• Task
In the data below, find the line containing "Mehmet Arif Demirer" and the line containing "Erdbeer Cookies mit", then reproduce them and every line between, exactly. Omit pictures.

• Information supplied
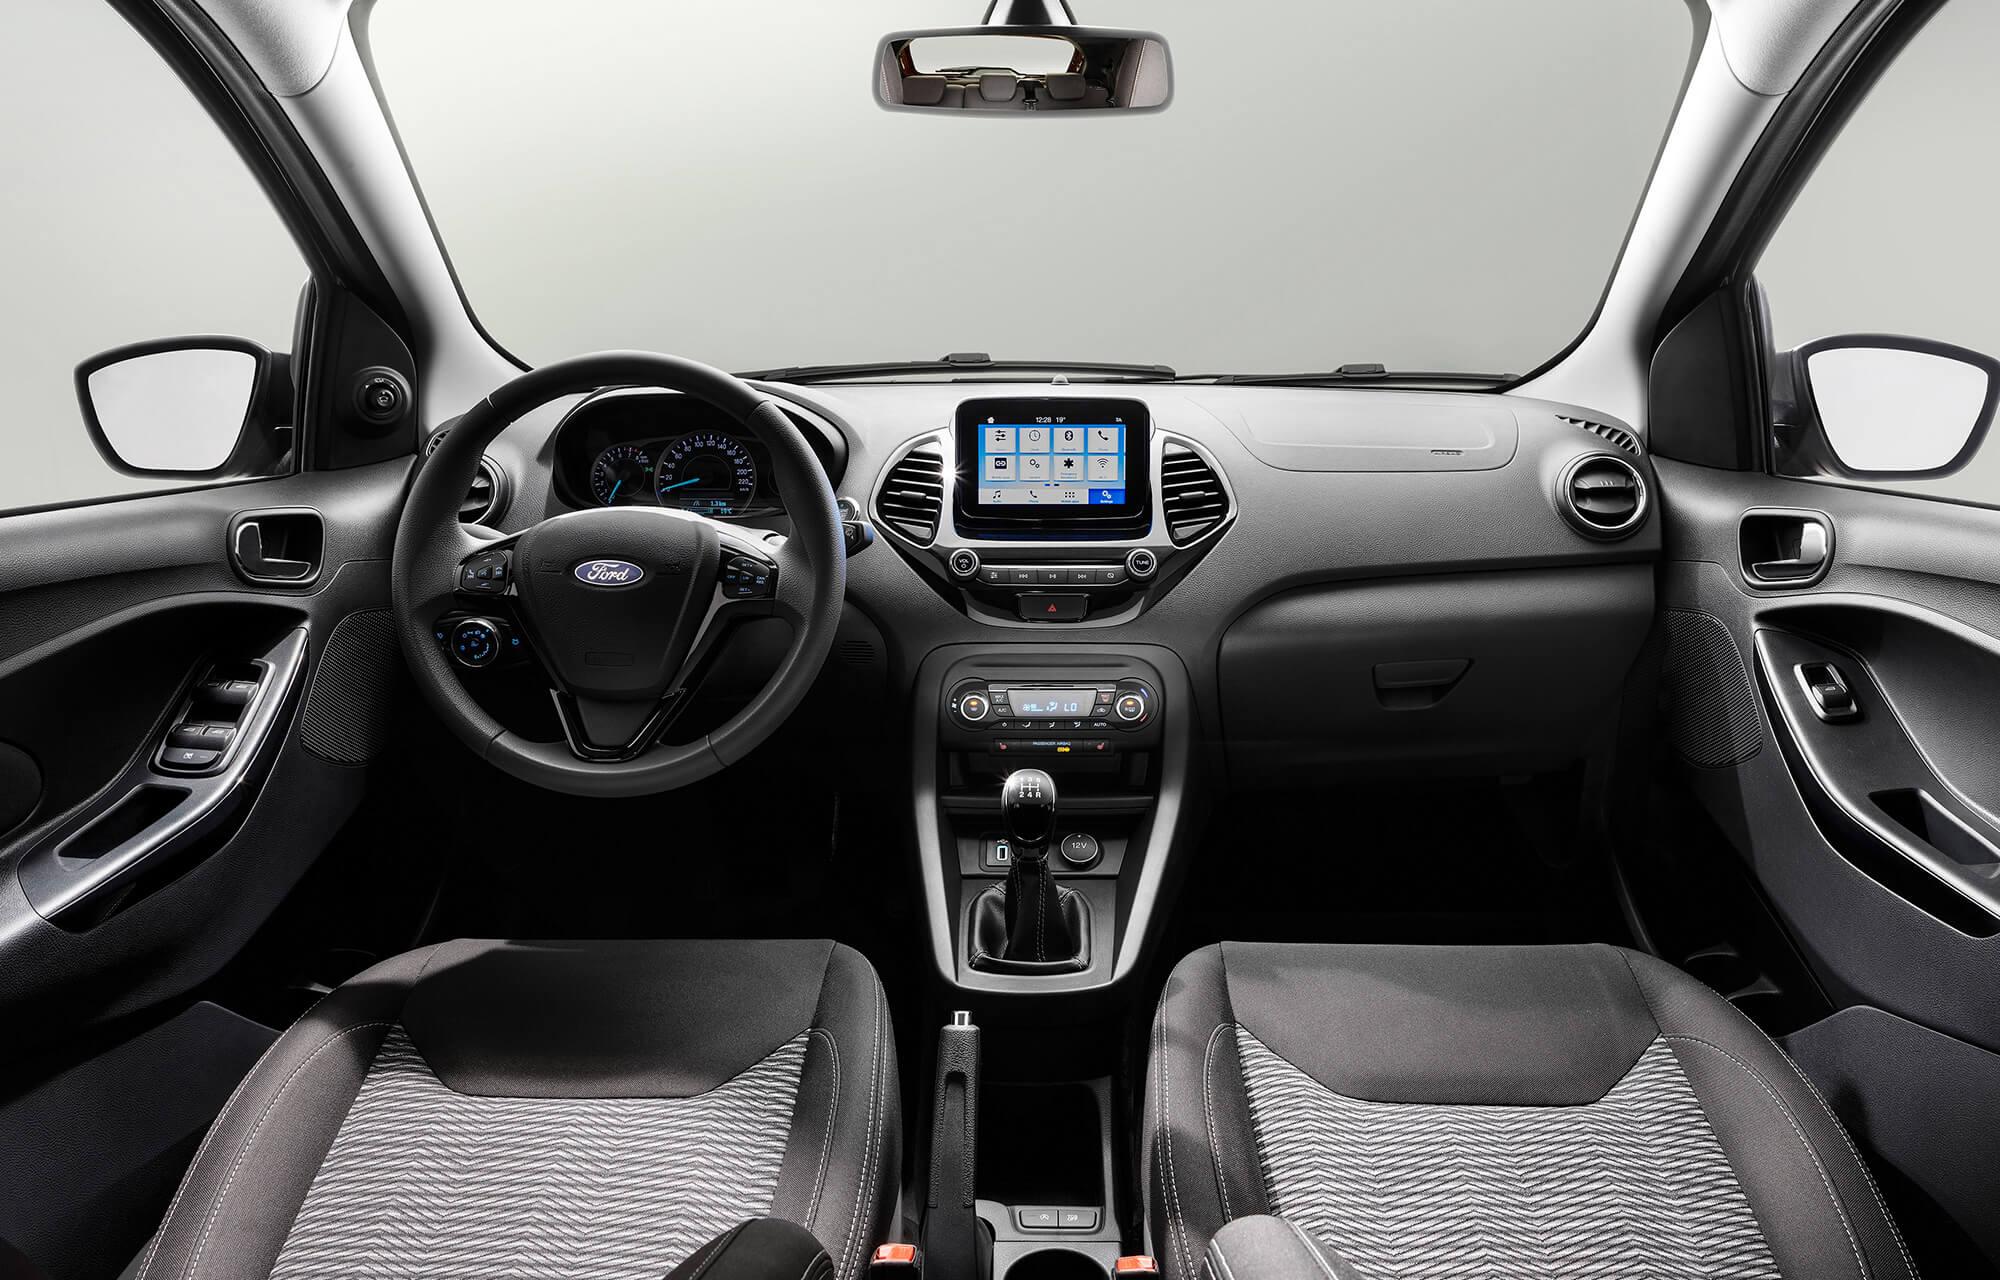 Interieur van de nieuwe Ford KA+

...

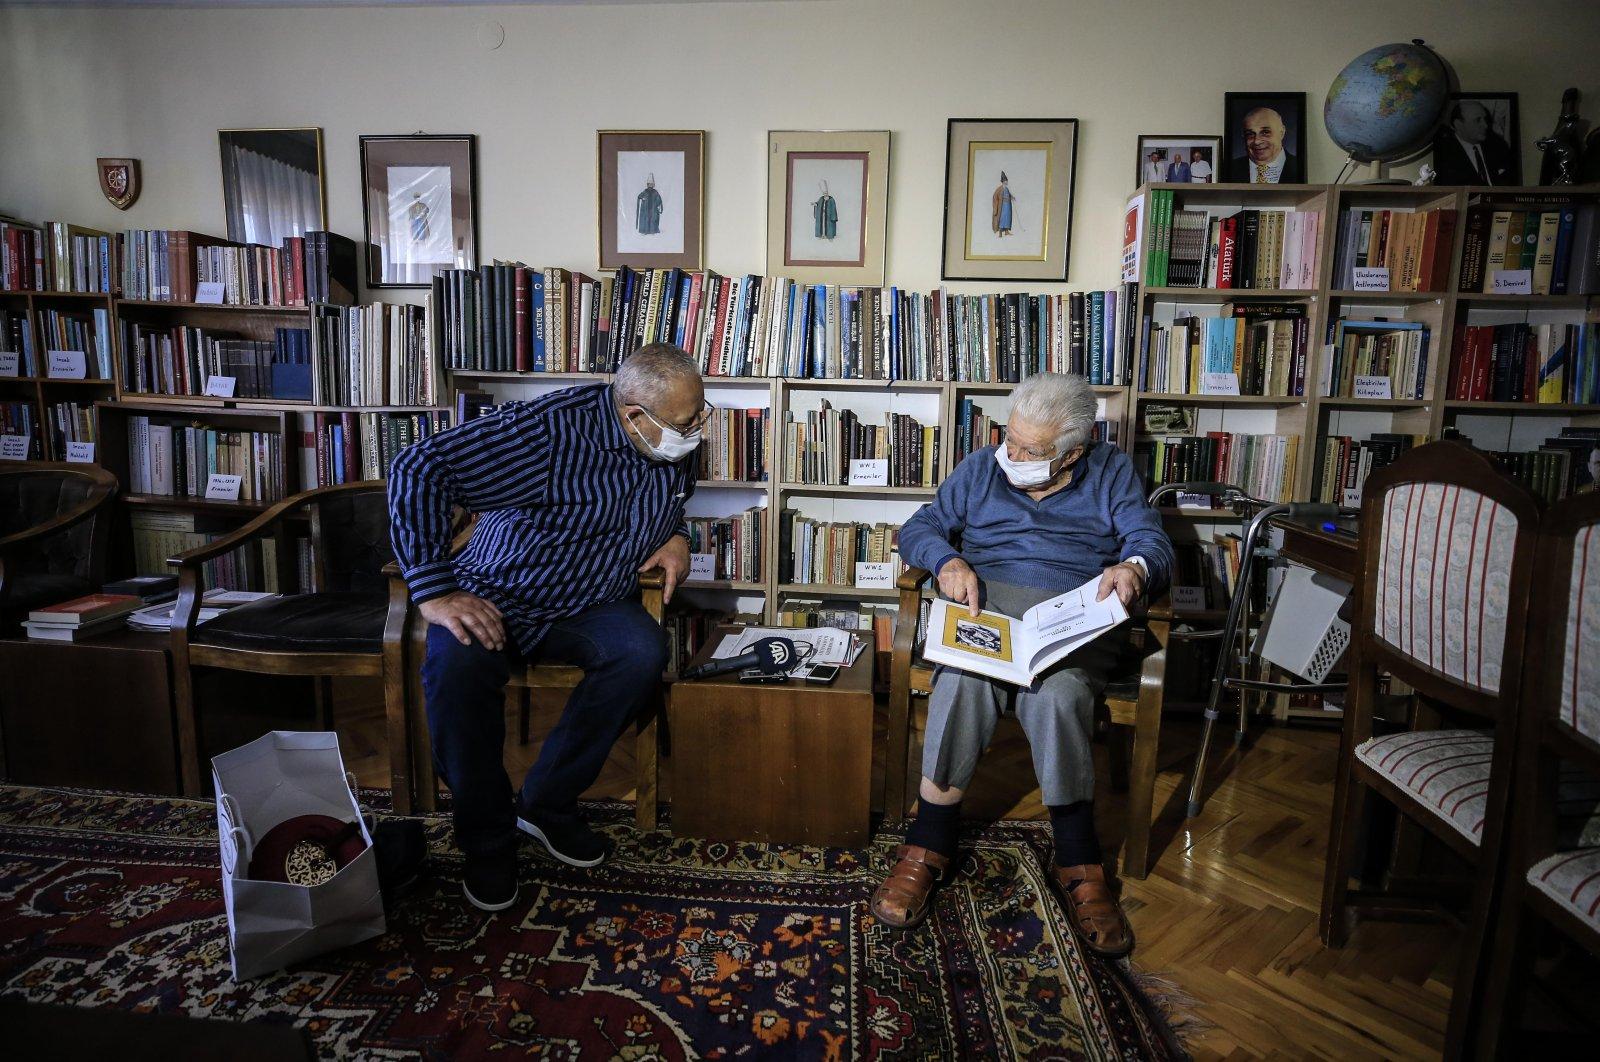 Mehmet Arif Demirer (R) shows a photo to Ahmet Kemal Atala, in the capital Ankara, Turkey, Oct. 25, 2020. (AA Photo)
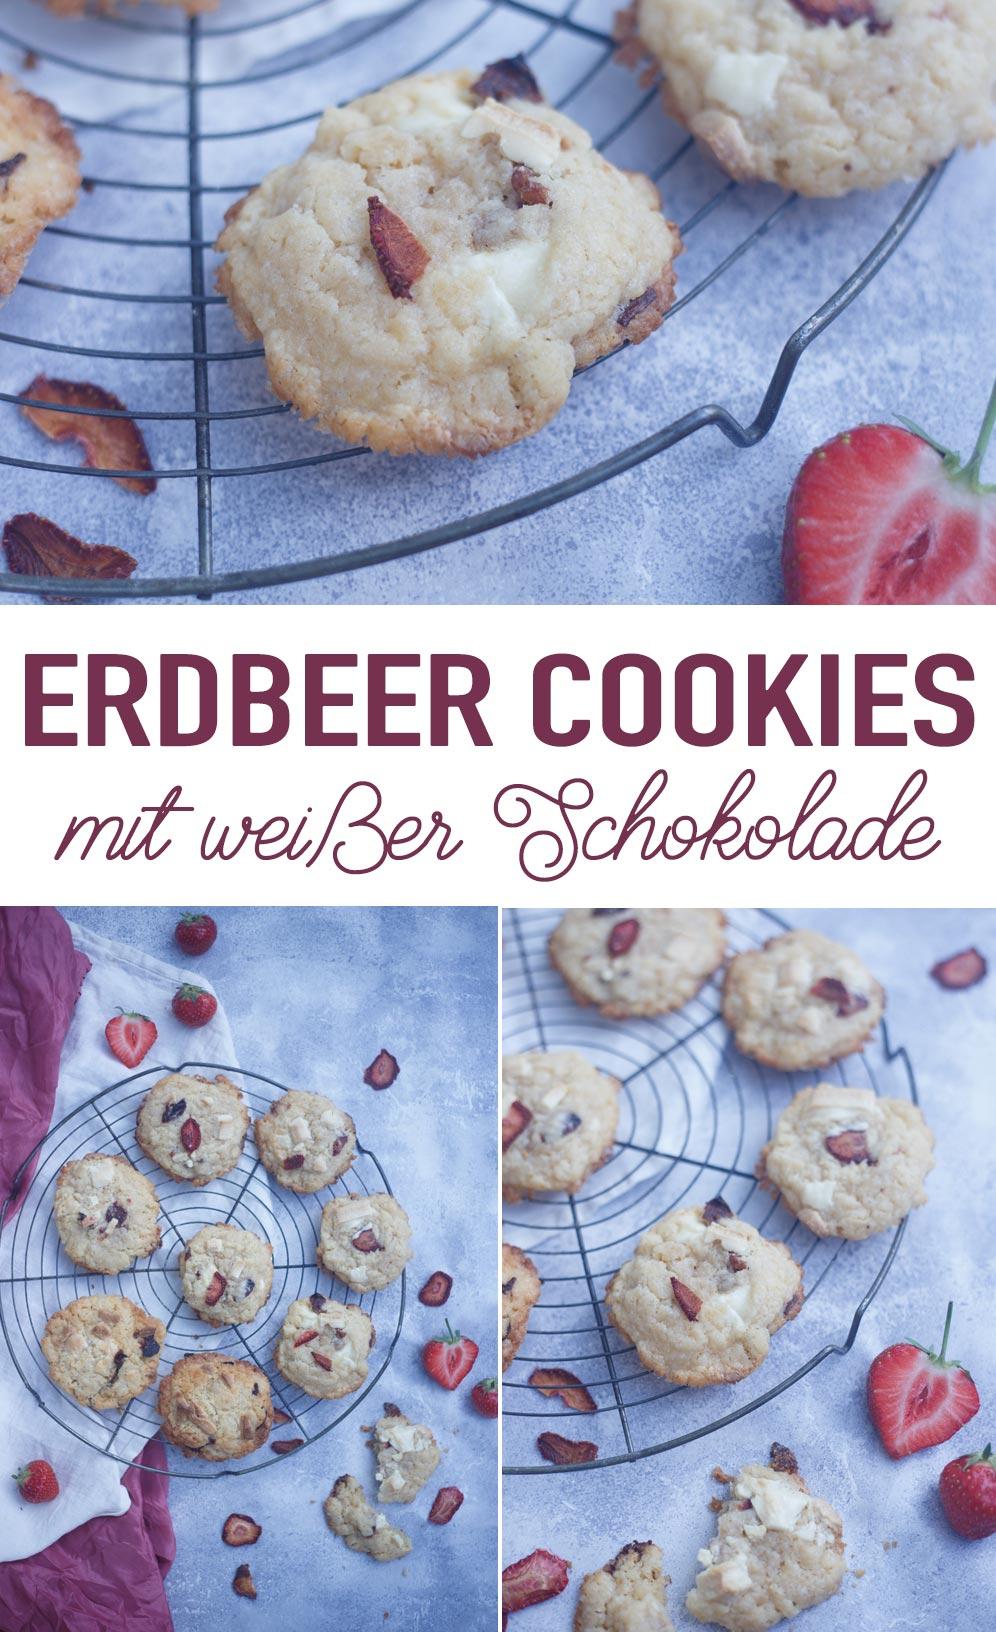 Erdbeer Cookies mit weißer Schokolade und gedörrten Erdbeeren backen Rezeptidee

* * *

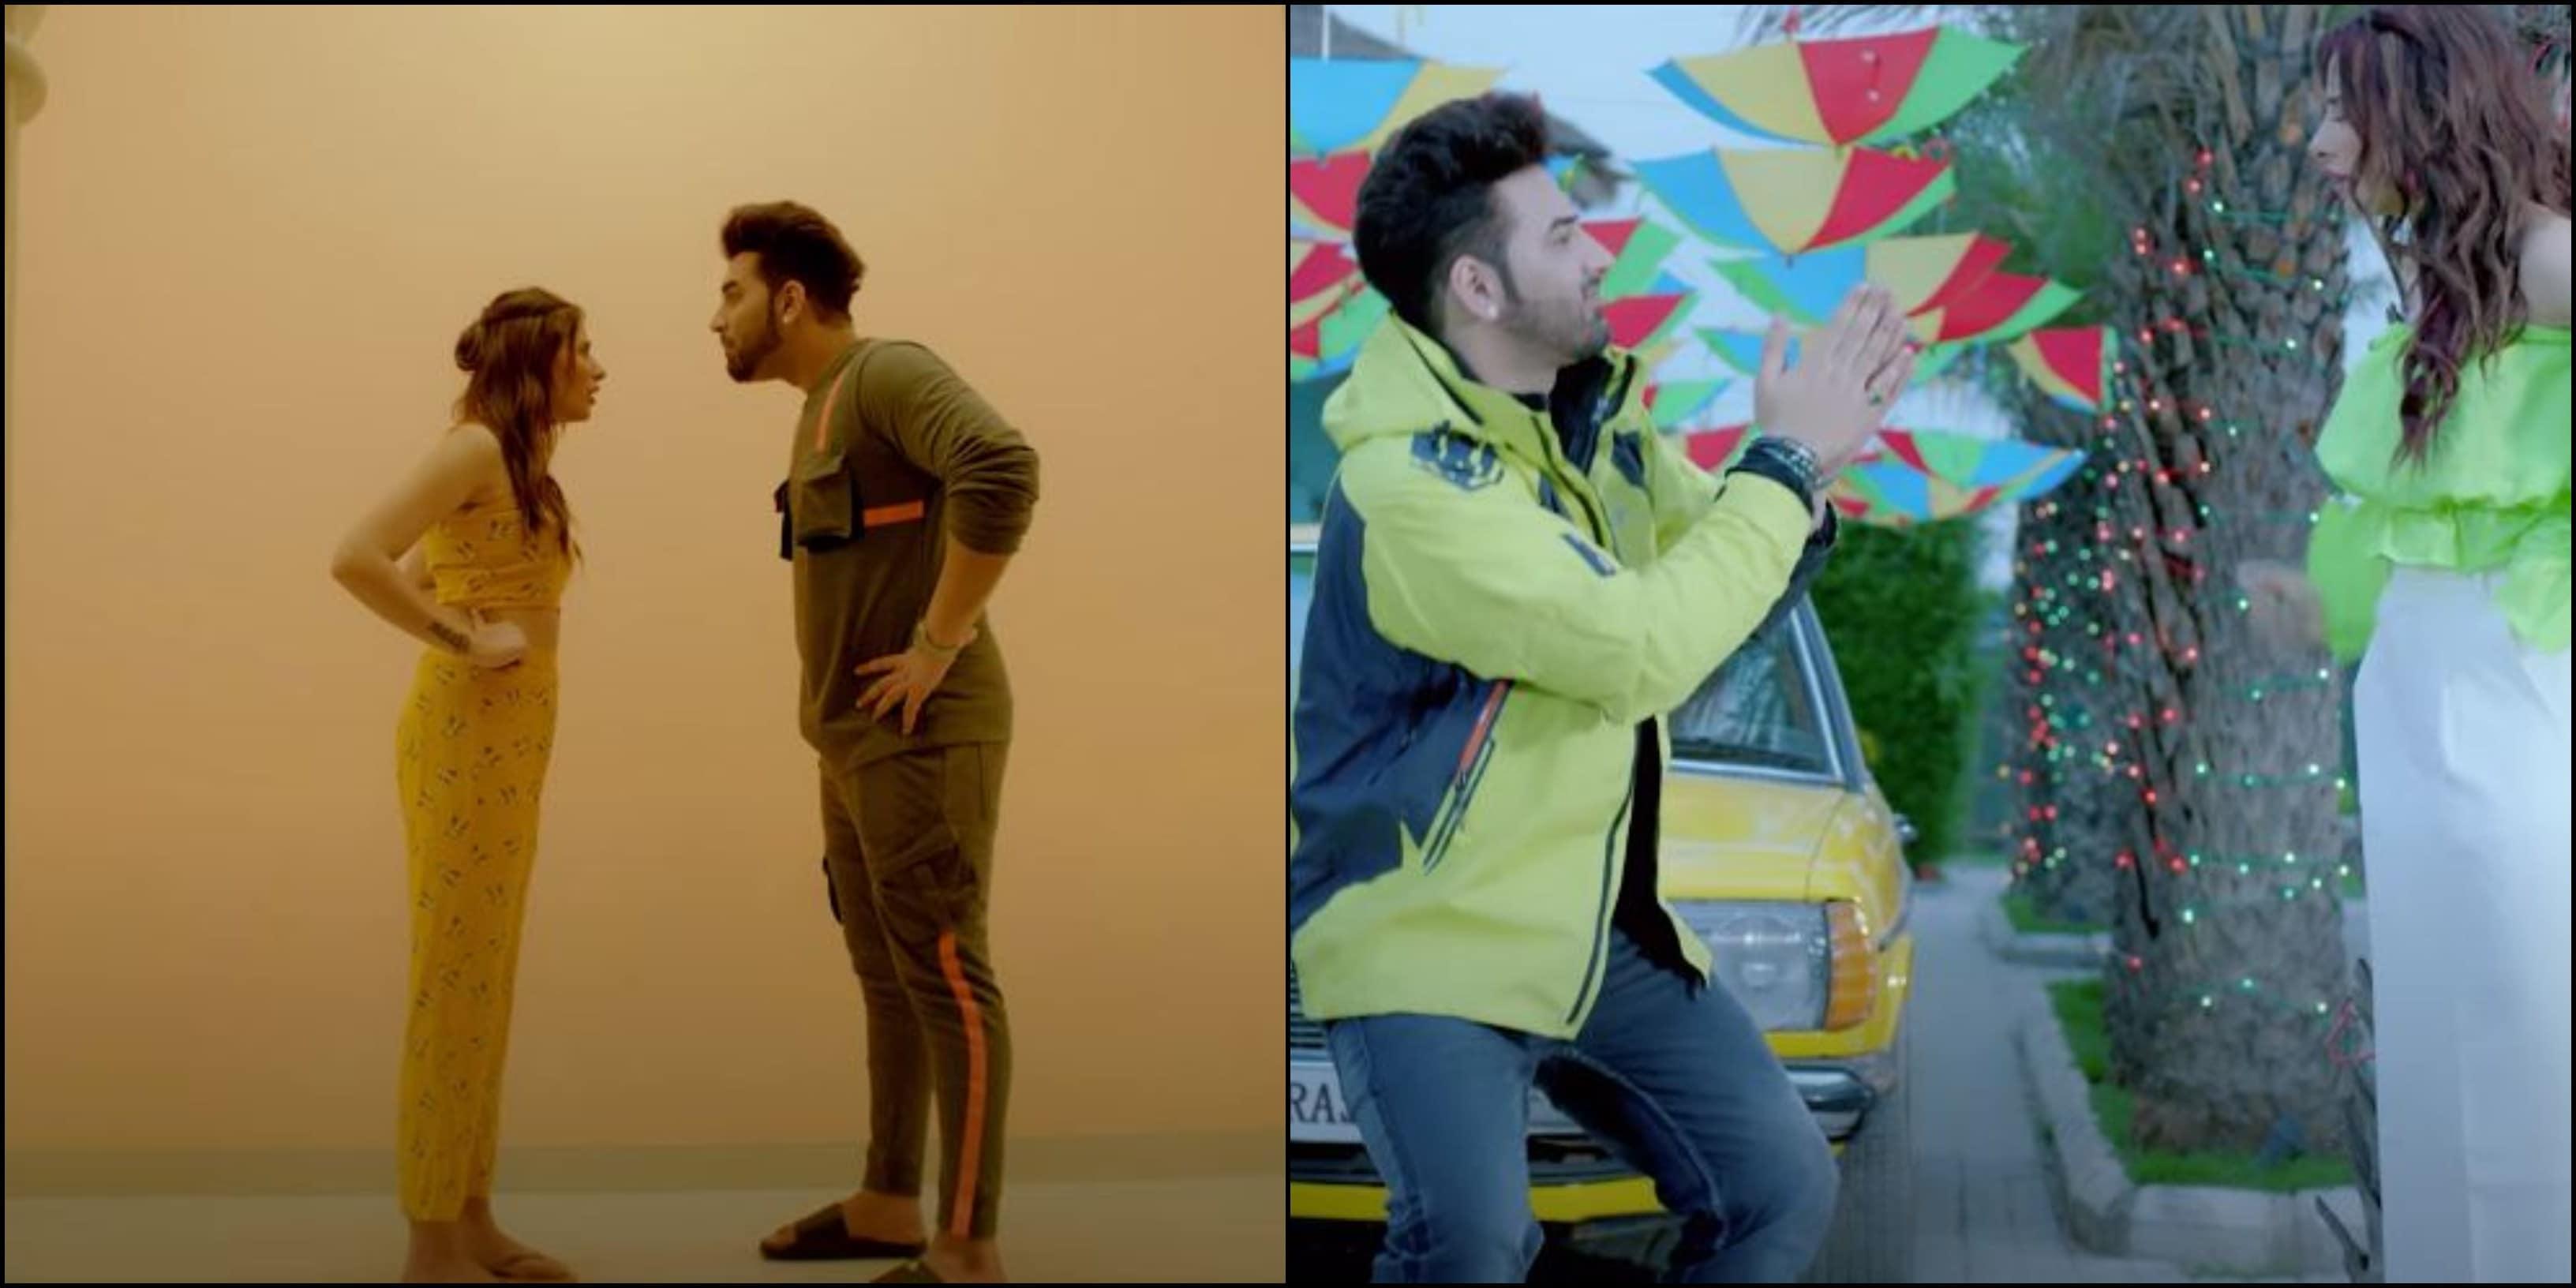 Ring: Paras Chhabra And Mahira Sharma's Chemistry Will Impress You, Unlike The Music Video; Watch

• Response
 Mehmet Arif Demirer (R) shows a photo to Ahmet Kemal Atala, in the capital Ankara, Turkey, Oct. 25, 2020. (AA Photo)
 Erdbeer Cookies mit weißer Schokolade und gedörrten Erdbeeren backen Rezeptidee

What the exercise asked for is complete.